• [Directions]: Repeat the data exactly, please.

• [Supplied data]:
.....

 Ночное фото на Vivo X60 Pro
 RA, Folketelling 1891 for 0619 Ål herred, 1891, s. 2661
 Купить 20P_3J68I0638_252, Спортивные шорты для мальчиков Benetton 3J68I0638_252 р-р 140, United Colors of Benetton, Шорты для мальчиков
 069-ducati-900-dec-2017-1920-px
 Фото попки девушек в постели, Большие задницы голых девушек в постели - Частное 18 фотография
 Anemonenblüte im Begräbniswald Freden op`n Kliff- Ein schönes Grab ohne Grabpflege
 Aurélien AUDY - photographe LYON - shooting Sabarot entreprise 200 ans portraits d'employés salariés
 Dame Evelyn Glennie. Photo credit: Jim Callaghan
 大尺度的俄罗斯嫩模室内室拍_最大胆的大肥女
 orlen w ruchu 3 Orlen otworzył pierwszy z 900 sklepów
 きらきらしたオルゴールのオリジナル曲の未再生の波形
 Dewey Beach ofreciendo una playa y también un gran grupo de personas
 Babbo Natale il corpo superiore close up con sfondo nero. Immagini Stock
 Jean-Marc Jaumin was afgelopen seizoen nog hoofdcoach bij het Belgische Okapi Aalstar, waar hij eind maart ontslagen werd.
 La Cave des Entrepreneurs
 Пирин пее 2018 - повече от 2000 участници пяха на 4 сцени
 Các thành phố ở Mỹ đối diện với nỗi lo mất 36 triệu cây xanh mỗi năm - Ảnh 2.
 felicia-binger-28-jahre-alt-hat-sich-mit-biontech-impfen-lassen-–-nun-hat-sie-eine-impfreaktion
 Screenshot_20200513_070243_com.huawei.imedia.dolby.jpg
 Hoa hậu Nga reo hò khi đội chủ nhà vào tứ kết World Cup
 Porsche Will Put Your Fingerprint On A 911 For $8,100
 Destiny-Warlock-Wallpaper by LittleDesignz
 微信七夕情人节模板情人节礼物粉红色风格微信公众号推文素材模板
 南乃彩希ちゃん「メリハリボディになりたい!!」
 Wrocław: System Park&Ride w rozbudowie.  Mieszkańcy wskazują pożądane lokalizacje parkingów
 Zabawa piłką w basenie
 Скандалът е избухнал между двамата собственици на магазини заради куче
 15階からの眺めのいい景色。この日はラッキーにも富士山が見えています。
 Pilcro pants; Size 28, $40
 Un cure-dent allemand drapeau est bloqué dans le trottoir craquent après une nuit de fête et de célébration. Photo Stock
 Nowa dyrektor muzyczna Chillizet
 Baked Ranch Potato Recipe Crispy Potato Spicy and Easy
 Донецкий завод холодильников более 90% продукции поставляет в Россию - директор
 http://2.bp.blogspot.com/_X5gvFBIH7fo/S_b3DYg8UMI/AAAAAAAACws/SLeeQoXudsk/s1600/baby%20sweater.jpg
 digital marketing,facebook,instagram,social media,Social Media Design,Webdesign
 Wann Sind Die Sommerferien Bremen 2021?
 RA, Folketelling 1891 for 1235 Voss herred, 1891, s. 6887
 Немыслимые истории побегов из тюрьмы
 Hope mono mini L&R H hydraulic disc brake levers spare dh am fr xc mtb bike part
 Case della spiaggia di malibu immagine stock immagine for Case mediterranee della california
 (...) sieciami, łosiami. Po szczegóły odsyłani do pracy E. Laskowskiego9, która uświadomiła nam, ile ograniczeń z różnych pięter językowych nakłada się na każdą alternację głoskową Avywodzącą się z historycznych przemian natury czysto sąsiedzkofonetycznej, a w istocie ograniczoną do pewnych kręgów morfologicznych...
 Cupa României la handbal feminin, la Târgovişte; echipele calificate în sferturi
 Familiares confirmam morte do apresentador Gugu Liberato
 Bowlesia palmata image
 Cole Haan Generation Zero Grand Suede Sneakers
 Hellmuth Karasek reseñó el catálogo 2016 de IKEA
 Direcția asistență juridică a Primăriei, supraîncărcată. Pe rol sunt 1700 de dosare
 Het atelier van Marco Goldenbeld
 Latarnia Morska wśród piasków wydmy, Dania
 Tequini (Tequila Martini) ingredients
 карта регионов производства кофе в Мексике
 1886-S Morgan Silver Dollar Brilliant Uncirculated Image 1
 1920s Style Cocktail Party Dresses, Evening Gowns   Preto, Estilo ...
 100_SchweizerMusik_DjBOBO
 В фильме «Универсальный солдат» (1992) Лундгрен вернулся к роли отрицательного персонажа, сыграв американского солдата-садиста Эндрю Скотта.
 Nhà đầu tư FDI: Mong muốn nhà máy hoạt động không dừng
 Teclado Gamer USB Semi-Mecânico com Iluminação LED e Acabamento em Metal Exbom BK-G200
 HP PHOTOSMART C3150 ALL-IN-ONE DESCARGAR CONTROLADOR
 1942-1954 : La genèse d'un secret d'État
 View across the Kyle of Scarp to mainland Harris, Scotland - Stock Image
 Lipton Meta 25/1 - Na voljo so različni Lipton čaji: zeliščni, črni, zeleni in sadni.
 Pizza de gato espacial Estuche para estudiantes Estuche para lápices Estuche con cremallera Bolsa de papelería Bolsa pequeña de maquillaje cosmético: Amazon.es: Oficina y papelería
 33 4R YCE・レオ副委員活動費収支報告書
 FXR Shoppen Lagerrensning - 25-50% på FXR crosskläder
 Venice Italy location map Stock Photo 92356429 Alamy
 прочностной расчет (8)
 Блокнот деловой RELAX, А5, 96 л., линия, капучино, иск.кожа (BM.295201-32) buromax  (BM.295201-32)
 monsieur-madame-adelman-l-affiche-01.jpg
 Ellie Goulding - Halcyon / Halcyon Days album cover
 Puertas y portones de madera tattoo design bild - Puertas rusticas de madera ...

.....

• [Answer box]:
 Ночное фото на Vivo X60 Pro
 RA, Folketelling 1891 for 0619 Ål herred, 1891, s. 2661
 Купить 20P_3J68I0638_252, Спортивные шорты для мальчиков Benetton 3J68I0638_252 р-р 140, United Colors of Benetton, Шорты для мальчиков
 069-ducati-900-dec-2017-1920-px
 Фото попки девушек в постели, Большие задницы голых девушек в постели - Частное 18 фотография
 Anemonenblüte im Begräbniswald Freden op`n Kliff- Ein schönes Grab ohne Grabpflege
 Aurélien AUDY - photographe LYON - shooting Sabarot entreprise 200 ans portraits d'employés salariés
 Dame Evelyn Glennie. Photo credit: Jim Callaghan
 大尺度的俄罗斯嫩模室内室拍_最大胆的大肥女
 orlen w ruchu 3 Orlen otworzył pierwszy z 900 sklepów
 きらきらしたオルゴールのオリジナル曲の未再生の波形
 Dewey Beach ofreciendo una playa y también un gran grupo de personas
 Babbo Natale il corpo superiore close up con sfondo nero. Immagini Stock
 Jean-Marc Jaumin was afgelopen seizoen nog hoofdcoach bij het Belgische Okapi Aalstar, waar hij eind maart ontslagen werd.
 La Cave des Entrepreneurs
 Пирин пее 2018 - повече от 2000 участници пяха на 4 сцени
 Các thành phố ở Mỹ đối diện với nỗi lo mất 36 triệu cây xanh mỗi năm - Ảnh 2.
 felicia-binger-28-jahre-alt-hat-sich-mit-biontech-impfen-lassen-–-nun-hat-sie-eine-impfreaktion
 Screenshot_20200513_070243_com.huawei.imedia.dolby.jpg
 Hoa hậu Nga reo hò khi đội chủ nhà vào tứ kết World Cup
 Porsche Will Put Your Fingerprint On A 911 For $8,100
 Destiny-Warlock-Wallpaper by LittleDesignz
 微信七夕情人节模板情人节礼物粉红色风格微信公众号推文素材模板
 南乃彩希ちゃん「メリハリボディになりたい!!」
 Wrocław: System Park&Ride w rozbudowie.  Mieszkańcy wskazują pożądane lokalizacje parkingów
 Zabawa piłką w basenie
 Скандалът е избухнал между двамата собственици на магазини заради куче
 15階からの眺めのいい景色。この日はラッキーにも富士山が見えています。
 Pilcro pants; Size 28, $40
 Un cure-dent allemand drapeau est bloqué dans le trottoir craquent après une nuit de fête et de célébration. Photo Stock
 Nowa dyrektor muzyczna Chillizet
 Baked Ranch Potato Recipe Crispy Potato Spicy and Easy
 Донецкий завод холодильников более 90% продукции поставляет в Россию - директор
 http://2.bp.blogspot.com/_X5gvFBIH7fo/S_b3DYg8UMI/AAAAAAAACws/SLeeQoXudsk/s1600/baby%20sweater.jpg
 digital marketing,facebook,instagram,social media,Social Media Design,Webdesign
 Wann Sind Die Sommerferien Bremen 2021?
 RA, Folketelling 1891 for 1235 Voss herred, 1891, s. 6887
 Немыслимые истории побегов из тюрьмы
 Hope mono mini L&R H hydraulic disc brake levers spare dh am fr xc mtb bike part
 Case della spiaggia di malibu immagine stock immagine for Case mediterranee della california
 (...) sieciami, łosiami. Po szczegóły odsyłani do pracy E. Laskowskiego9, która uświadomiła nam, ile ograniczeń z różnych pięter językowych nakłada się na każdą alternację głoskową Avywodzącą się z historycznych przemian natury czysto sąsiedzkofonetycznej, a w istocie ograniczoną do pewnych kręgów morfologicznych...
 Cupa României la handbal feminin, la Târgovişte; echipele calificate în sferturi
 Familiares confirmam morte do apresentador Gugu Liberato
 Bowlesia palmata image
 Cole Haan Generation Zero Grand Suede Sneakers
 Hellmuth Karasek reseñó el catálogo 2016 de IKEA
 Direcția asistență juridică a Primăriei, supraîncărcată. Pe rol sunt 1700 de dosare
 Het atelier van Marco Goldenbeld
 Latarnia Morska wśród piasków wydmy, Dania
 Tequini (Tequila Martini) ingredients
 карта регионов производства кофе в Мексике
 1886-S Morgan Silver Dollar Brilliant Uncirculated Image 1
 1920s Style Cocktail Party Dresses, Evening Gowns   Preto, Estilo ...
 100_SchweizerMusik_DjBOBO
 В фильме «Универсальный солдат» (1992) Лундгрен вернулся к роли отрицательного персонажа, сыграв американского солдата-садиста Эндрю Скотта.
 Nhà đầu tư FDI: Mong muốn nhà máy hoạt động không dừng
 Teclado Gamer USB Semi-Mecânico com Iluminação LED e Acabamento em Metal Exbom BK-G200
 HP PHOTOSMART C3150 ALL-IN-ONE DESCARGAR CONTROLADOR
 1942-1954 : La genèse d'un secret d'État
 View across the Kyle of Scarp to mainland Harris, Scotland - Stock Image
 Lipton Meta 25/1 - Na voljo so različni Lipton čaji: zeliščni, črni, zeleni in sadni.
 Pizza de gato espacial Estuche para estudiantes Estuche para lápices Estuche con cremallera Bolsa de papelería Bolsa pequeña de maquillaje cosmético: Amazon.es: Oficina y papelería
 33 4R YCE・レオ副委員活動費収支報告書
 FXR Shoppen Lagerrensning - 25-50% på FXR crosskläder
 Venice Italy location map Stock Photo 92356429 Alamy
 прочностной расчет (8)
 Блокнот деловой RELAX, А5, 96 л., линия, капучино, иск.кожа (BM.295201-32) buromax  (BM.295201-32)
 monsieur-madame-adelman-l-affiche-01.jpg
 Ellie Goulding - Halcyon / Halcyon Days album cover
 Puertas y portones de madera tattoo design bild - Puertas rusticas de madera ...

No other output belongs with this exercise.